Schenectady County has received a $1.5 million state grant to go into city neighborhoods and reduce environmental housing hazards linked to illness and injury.
“This funding will allow county public health nurses to continue to reach directly into the community to work with families and other residents to reduce environmental health hazards,” Legislature Vice Chairwoman Karen Johnson, who heads the Health and Human Services Committee, said in a news release,
Following the awarding of the state Department of Health grant, which is to be used over five years, the county Public Health Services department will expand its Healthy Neighborhood Program and hire a public health systems administrator.
The administrator will earn an annual salary between $47,487 and $56,182, which will come out of the county budget, said Joe McQueen, the county spokesman.

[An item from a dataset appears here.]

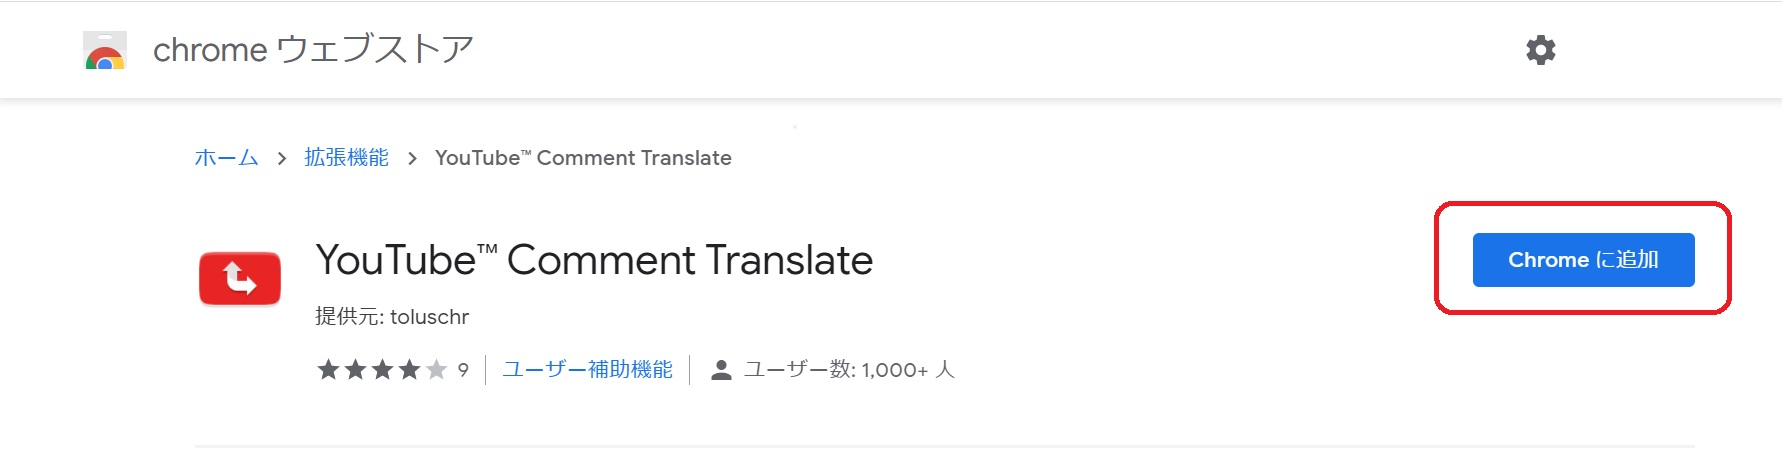 YouTube Comment Translateインストール

“This position will allow the department to focus on epidemiology [the incidence, distribution and control of disease in a population]; development of public heath plans and strategies, including community health assessment and preparedness plans; health date analysis; program evaluation; and grant administration activities,” Public Health Director Joanne Cocozzoli wrote in a memo to County Manager Kathleen Rooney.
The county will also direct two additional nurses to the program, which previously had only one part-time nurse, McQueen said. No new nurse positions will be created, as two nurses recently retired, but the grant funding will go toward the nurses’ salaries.
The nurses will work with residents to identify unhealthy conditions, such as old carpeting that might trigger asthma attacks, and how to improve those conditions.
“That’s what’s going to allow us to do so much more,” McQueen said. “We’re going to have more feet on the ground to go into the community and work with these families.”
The grant funding will also help the county purchase smoke detectors, fire extinguishers, smoking cessation packets, cleaning supplies, dust-wipe mops and first-aid kits, among other health products, that will be provided to residents free of charge.
“With more nurses making more visits, we’ll be needing more supplies, more incentives,” Cocozzoli said.